Selama periode 23 Juni hingga 26 Juli 2025, BNN berhasil mengungkap 84 laporan kasus narkotika. Dari jumlah tersebut, 136 tersangka telah diamankan. Barang bukti narkotika yang berhasil disita mencakup: Ganja: 219.819,53 gram, Sabu: 337.381,05 gram, Ekstasi: 3.152 butir, Kokain: 3.089,36 gram, Ganja sintetik: 40,86 gram.
Menko Polhukam menegaskan bahwa pengungkapan ini merupakan wujud nyata kehadiran negara dalam melindungi rakyat dari bahaya narkoba, sejalan dengan arahan Presiden Republik Indonesia.
“Presiden telah menegaskan: tidak ada tempat untuk narkoba di Tanah Air. Ini adalah panggilan tugas, perintah konstitusional, yang harus kita laksanakan bersama dengan penuh tanggung jawab dan keberanian,” katanya.
Dalam kesempatan tersebut, Menko Polhukam juga menekankan bahwa perang melawan narkoba bukan hanya tugas BNN atau Polri, melainkan tanggung jawab kolektif seluruh elemen bangsa—dari pemerintah pusat hingga masyarakat akar rumput.

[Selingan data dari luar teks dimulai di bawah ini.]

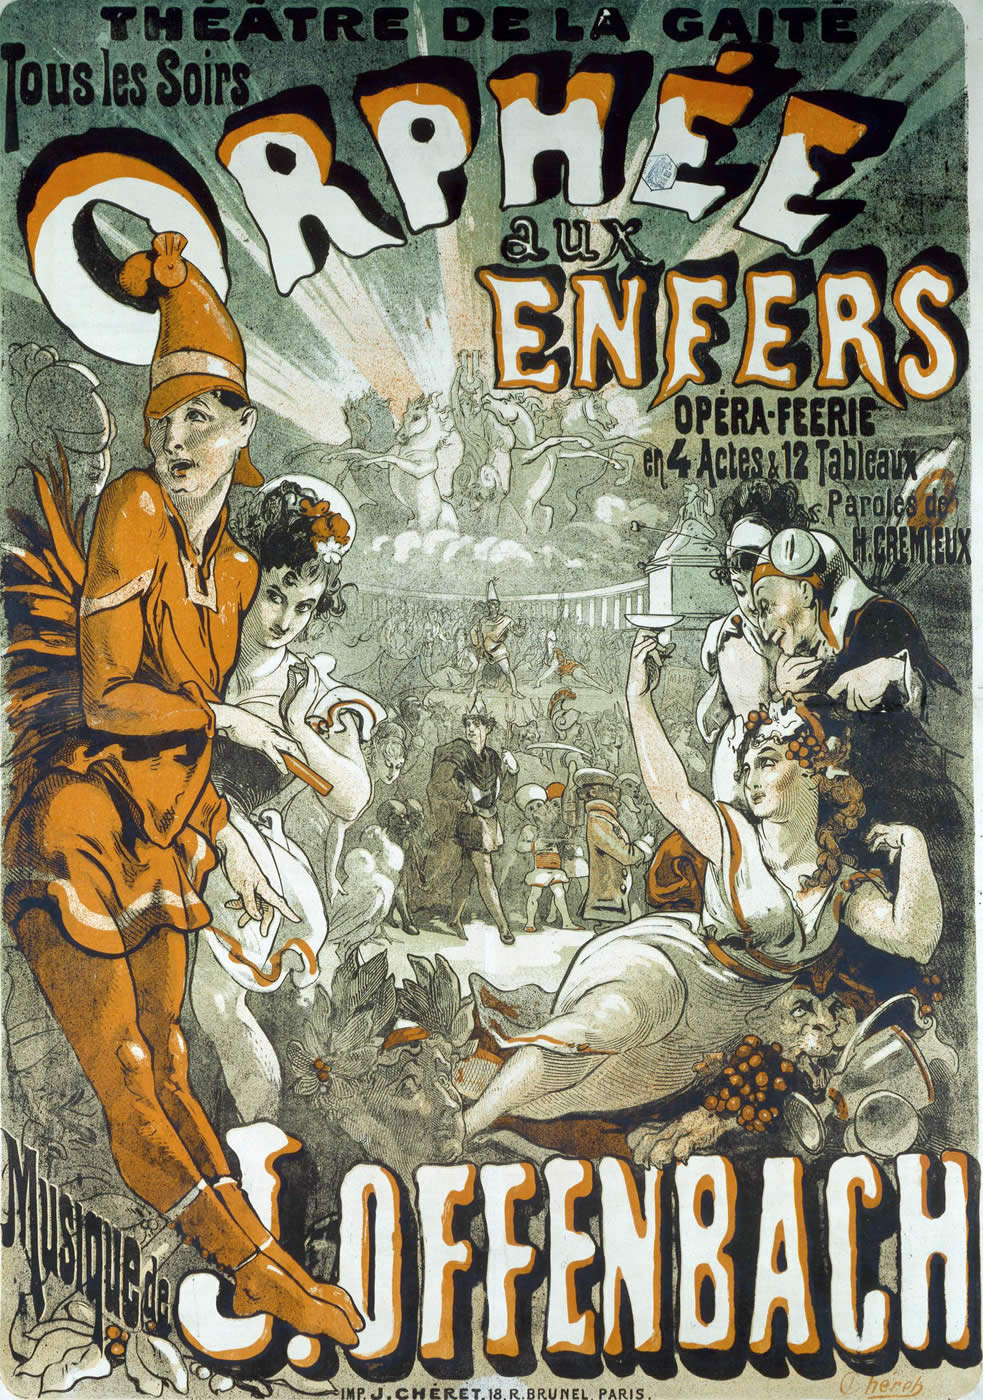 Jules Chere. The playbill for the operetta "Orpheus in the underworld" by Jacques Offenbach

“Perang terhadap narkoba adalah perjuangan untuk menyelamatkan masa depan generasi. Jika kita lengah, kita mempertaruhkan masa depan anak-anak kita,” ujar Budi Gunawan.
Ia pun mengajak seluruh pemangku kepentingan, termasuk dunia pendidikan, pelaku industri, media, dan keluarga, untuk aktif berkontribusi dalam memutus rantai peredaran narkoba yang semakin kompleks dan terorganisir.
Sementara itu, Kepala BNN Komjen Pol. Marthinus Hukom mengungkapkan bahwa saat ini pihaknya sedang mewaspadai tren baru dalam penyelundupan narkoba, khususnya jenis kokain yang diselundupkan oleh warga negara asing.
“Ada satu kasus penting: penyelundupan narkotika jenis kokain seberat lebih dari 3 kilogram oleh warga negara Brasil. Ini menunjukkan tren penyelundupan kokain ke Indonesia semakin masif,” jelas Marthinus.
Ia menegaskan bahwa BNN akan memperketat pengawasan terhadap barang dan orang yang masuk dari luar negeri melalui kerja sama lintas instansi dan penguatan sistem deteksi dini di berbagai titik masuk negara.
Selain itu, Kepala BNN juga mengimbau para pelaku sektor pariwisata untuk tetap menunjukkan keramahan sebagai ciri khas Indonesia, namun tetap waspada terhadap potensi penyalahgunaan sektor tersebut oleh jaringan narkoba internasional.
“Ancaman narkotika bersifat dinamis dan transnasional. Maka dibutuhkan sinergi, kewaspadaan berlapis, dan penegakan hukum yang berkelanjutan,” tegasnya.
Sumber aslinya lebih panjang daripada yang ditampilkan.